Niveau jargon, les startupers sont en train de dépasser l’Éducation nationale. Voici 10 exemples des mots et expressions les plus tordus de leur novlangue.
CEO. À absolument prononcer « cihiho ». Chez nos amis Anglo-saxons, le « Chief executive officer » est l’équivalent de notre bon vieux « Président directeur général ». Avouons tout de même que le titre de Pédégé est un peu pompeux pour une boîte employant trois personnes dont un stagiaire. Plus chic que « chef », moins mégalo que « boss », on recommande l’emploi de « fondateur », du neutre « directeur » ou, si on veut vraiment se la jouer relax, de « grand manitou ».

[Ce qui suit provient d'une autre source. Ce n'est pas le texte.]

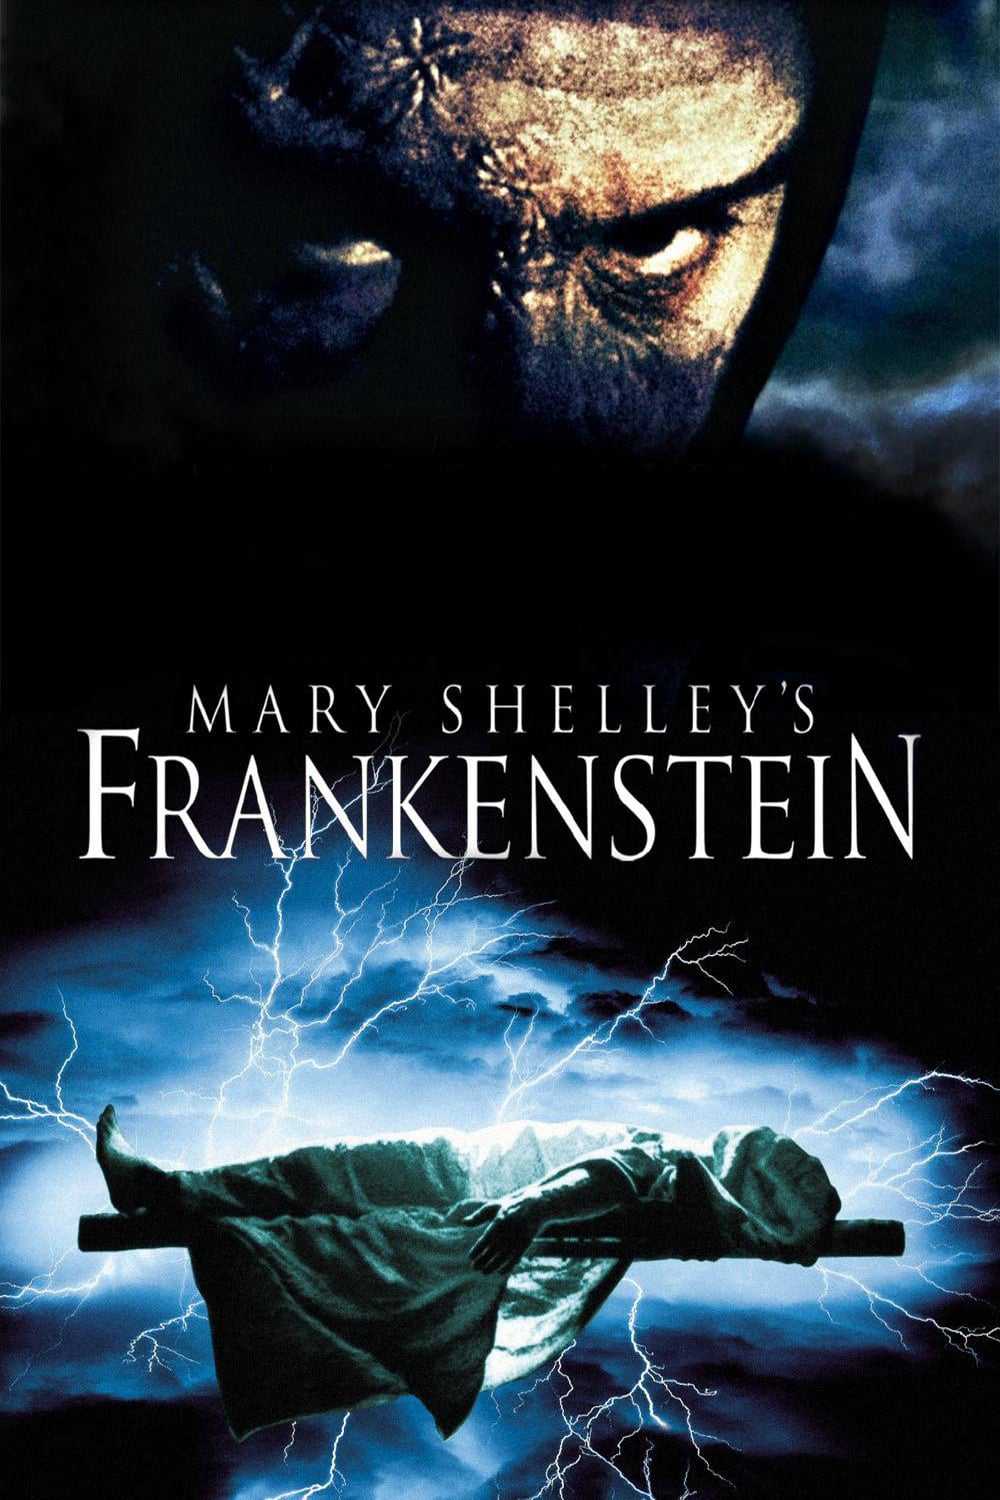 Mary shelley's frankenstein - Mary shelley's frankenstein

Collaborateur.trice. Jusqu’à peu de temps, en France, le mot « collaborateur » renvoyait d’abord aux pages sombres de notre histoire. Les startupers ont réussi à lui donner un vernis cool, comme si leur entreprise n’était qu’une formidable aventure collective. En réalité, un collaborateur n’est ni plus ni moins qu’un employé. Point barre.
Disrupter. La première fois qu’on entend « disruption », on pense à un terme médical désignant une douloureuse fracture d’un membre inférieur du corps. Erreur : « disrupter » signifie bouleverser le marché, l’industrie ou la technologie par une solution innovante. Pourquoi faire compliqué quand on peut faire simple et ne pas juste dire « tout péter » ?
Early adopters. Ce sont les tout premiers clients (voire « utilisateurs ») d’une startup. En français, on appelle ça les « primo adoptants ». En vrai : la famille et les potes des startupers.
Révolution. Comme le mot « génie » en musique, le terme « révolution » est employé à tout bout de champ par les startupers, finissant par être galvaudé. 1789, la roue, l’électricité ou internet sont de véritables révolutions. Une appli, un gadget ou une solution domestique, si utiles et bénéfiques sont-ils, ne sont pas réellement subversifs. Parlons simplement et honnêtement d’ « amélioration » ou d’« innovation ».
Licorne. Se dit d’une startup valorisée à au moins un milliard de dollars, chose aussi rare qu’un cheval muni d’une corne sur le front. Mais la licorne est un animal gracile et précieux, ce qui ne sont pas les qualités premières d’Uber ou Airbnb. Et si on parlait plutôt de « cachalot » ou de « mammouth » ?
Pitch. Le « pitch » est une ou plusieurs phrases élaborées par une startup et destinées à convaincre (le client ou l’investisseur) de la nécessité de son produit. Mais depuis quelques mois, le groupe alimentaire produisant une petite brioche du même nom s’amuse à coller des menaces de procès aux startups ayant le malheur d’utiliser le mot « pitch » dans leur nom d’entreprise. Notre conseil : revenir à la langue de Molière avec le mot « argumentaire » ou, plus court, « topo ».
Pivoter. D’après la définition proposée par un magazine de startupers, un pivot est « une modification de tout ou partie de son business, pour coller au plus près aux attentes du marché. » Ce n’était pas nécessaire de recourir au vocabulaire de coach de gym pour signifier qu’on change radicalement d’idée après avoir réalisé qu’on fonçait droit dans leur mur. L’expression « arrêter les frais » existait déjà.
Utilisateur (variante : usager). Manière élégante qu’ont trouvé les startupers pour nommer le client. Arrêtons l’hypocrisie. Puisqu’on appelle un chat un chat, autant nommer le client un client. Le but d’une startup est avant tout de vendre une solution. Et si elle est bonne, on ne rechignera pas à mettre la main à la poche.
Scalabilité. Mot franglais compliqué et moche qui veut tout simplement démontrer la capacité d’une startup à adapter son modèle à la taille du marché, du plus petit (à l’échelle d’un quartier, par exemple) au plus gros (à l’international). Puisqu’une startup doit savoir grossir encore et encore sans perdre son short, on propose l’expression « faire le Hulk ».